Reputation: 12073
I have a particular regular expression:
#\b[a-z0-9-_%"]+\b#gi
I have the following test string I am applying that regex filter to:
abc def ghi jkl mno %%car% __car_ tall-person "thing" 20% %30%
However, the detected word boundaries are as follows (square brackets represent boundaries):
[abc] [def] [ghi] [jkl] [mno] %%[car%] [__car_] [tall-person] "[thing"] [20%] %[30%]
So, certain types of punctuation ("_") are recognized at both the beginning and end of the word as "word characters." On the other hand, other types ("%" or double quotes) are ignored when they are at the beginning of the word.
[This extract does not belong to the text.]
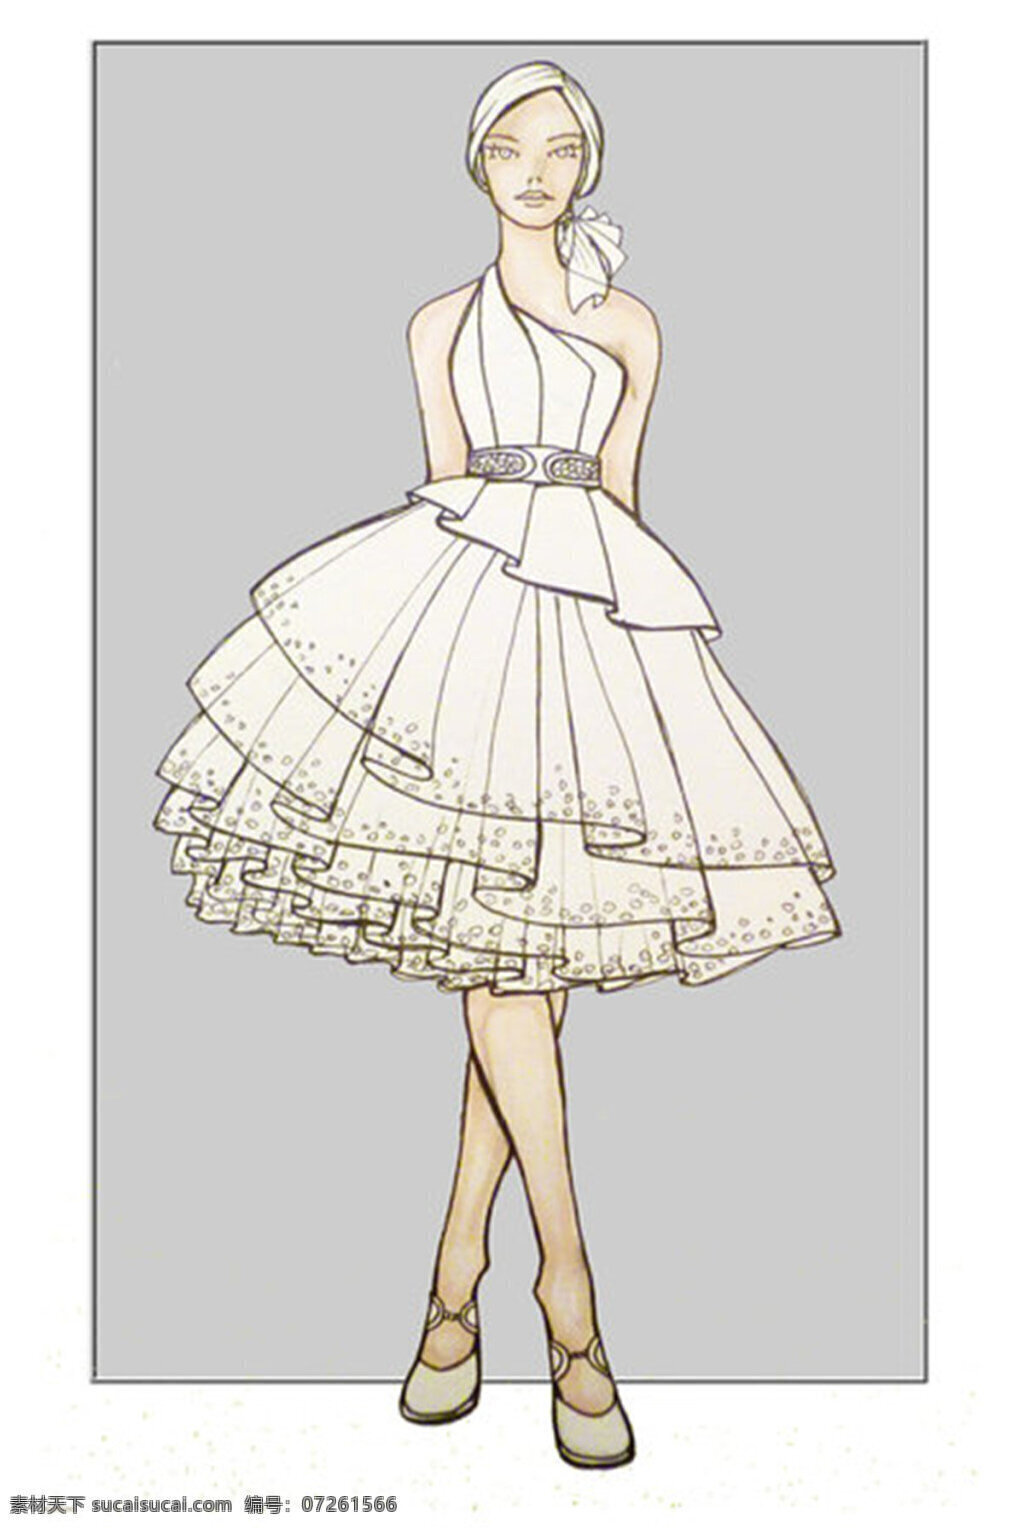 白色 连衣裙 设计图 服装设计 时尚女装 职业女装 职业装 女装设计 效果图 短裙 衬衫 服装 服装效果图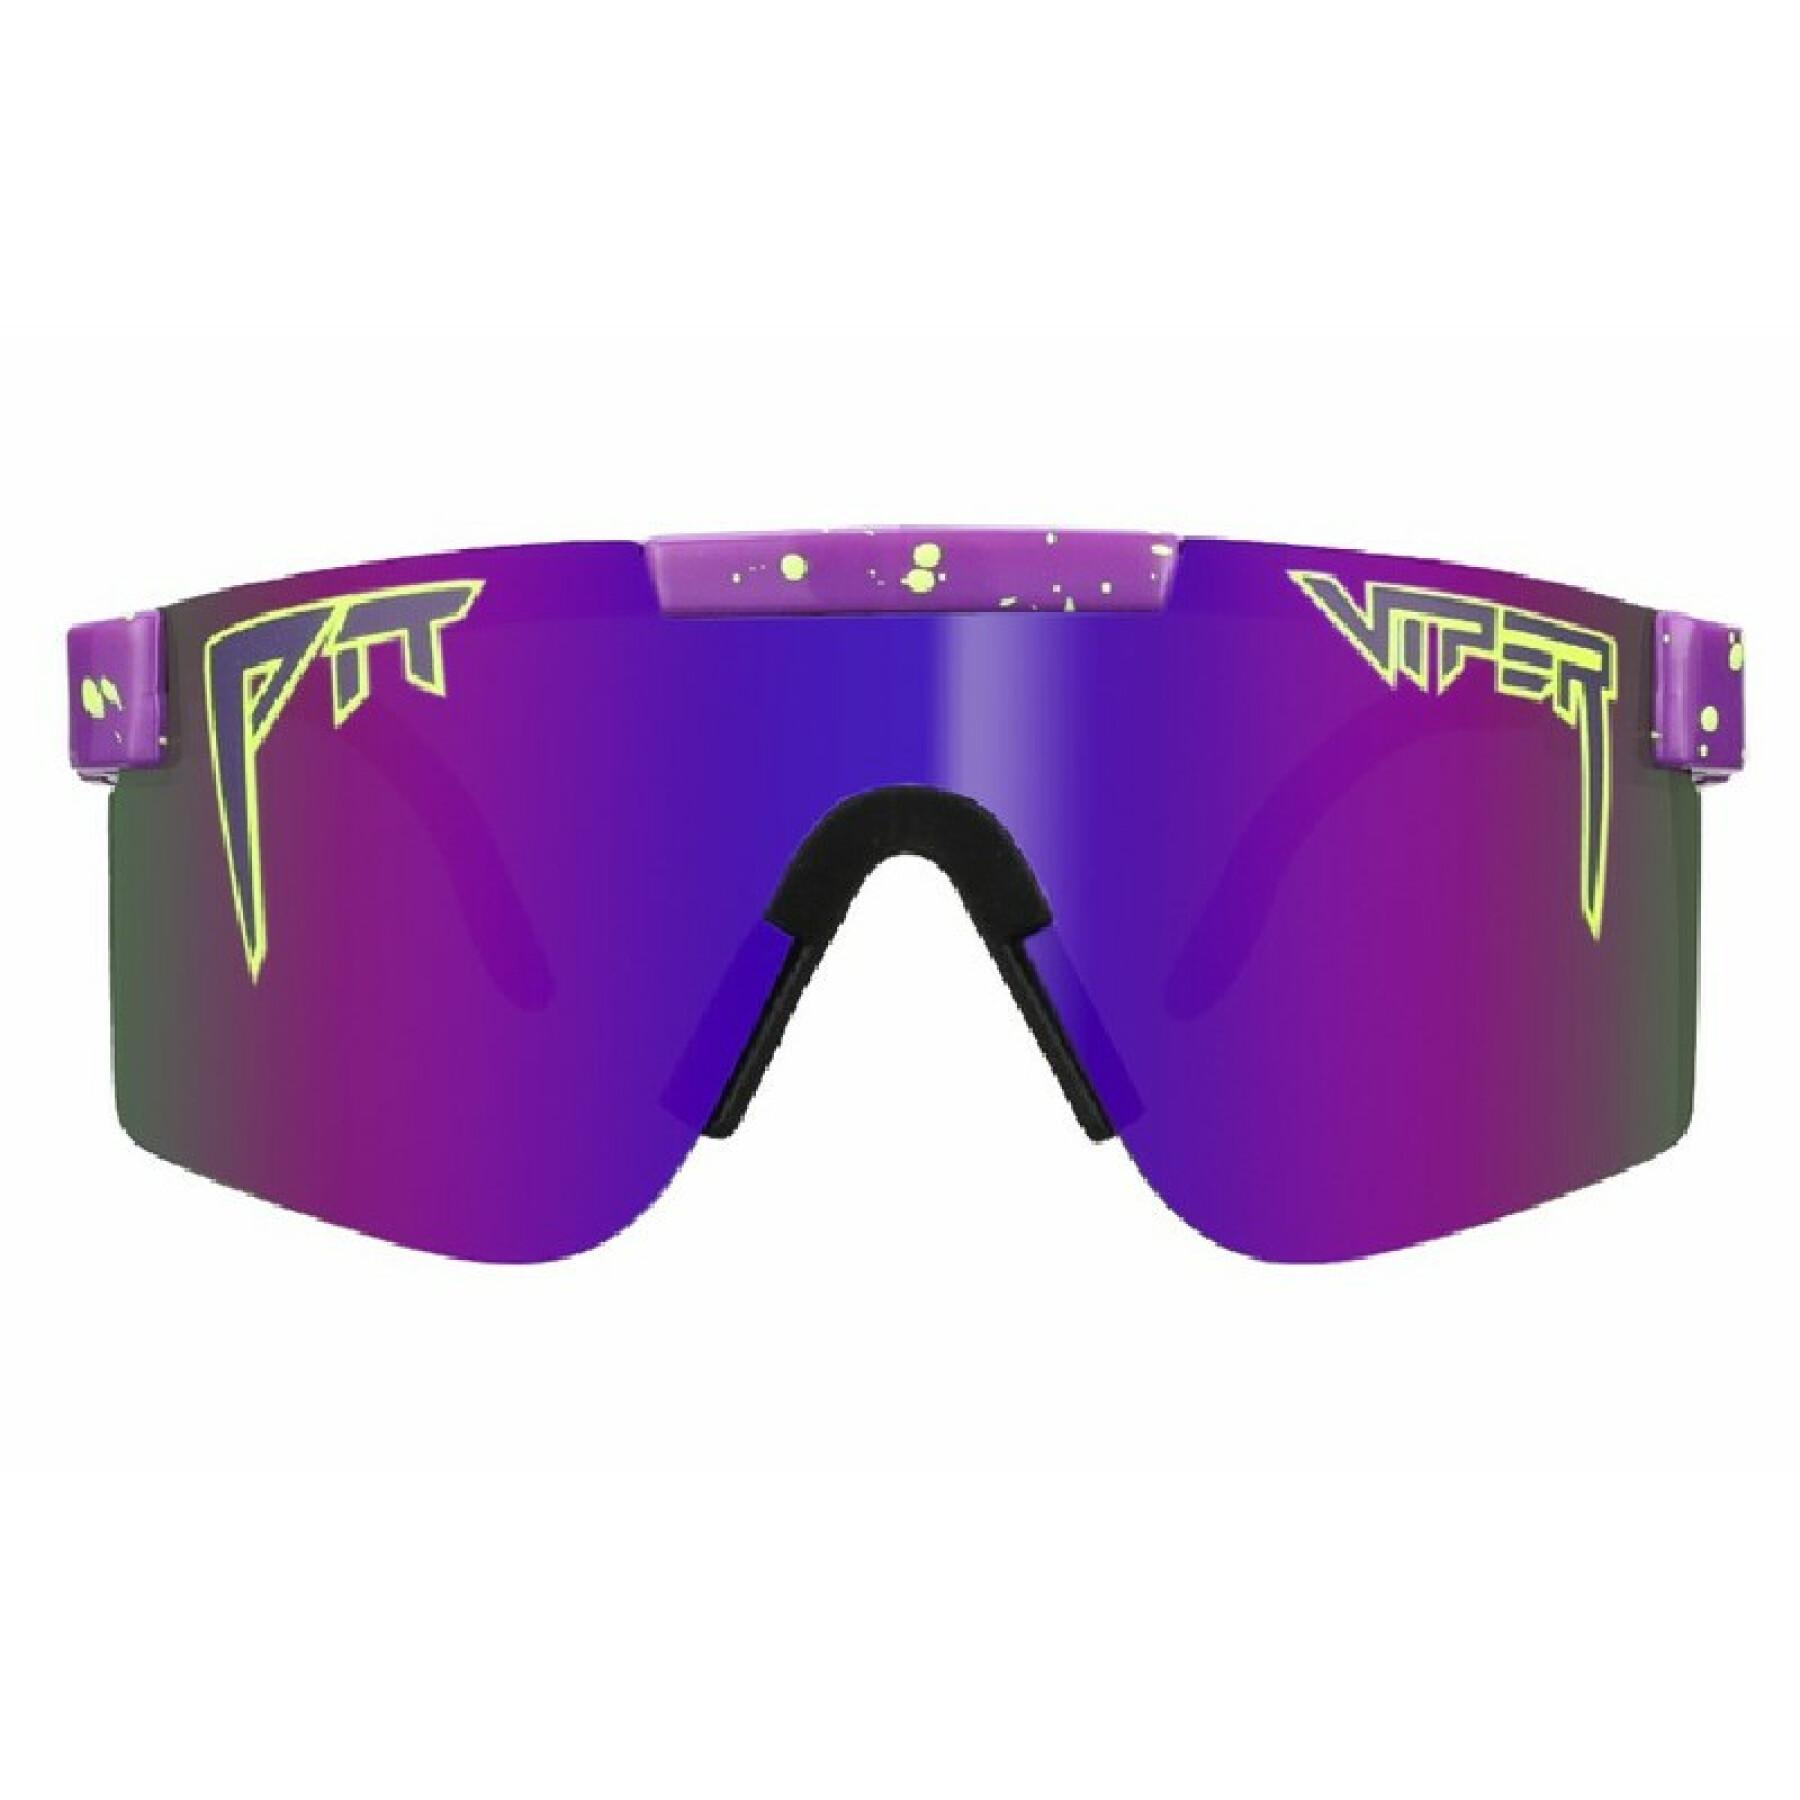 Oryginalne okulary przeciwsłoneczne z polaryzacją Pit Viper The Donatello

Why is this?
Upvotes: 4
Views: 2718
Reputation: 369024
In word boundary, word means \w
meta character (in most regular expression engine): [A-Za-z0-9_]
; %
, "
is not in that characters: match word boundary.
I think you don't need to use word boundary:
// javascript example
> 'abc def ghi jkl mno %%car% __car_ tall-person "thing" 20% %30%'.match(/[a-z0-9-_%"]+/g)
["abc", "def", "ghi", "jkl", "mno", "%%car%", "__car_", "tall-person", ""thing"", "20%", "%30%"]
Upvotes: 3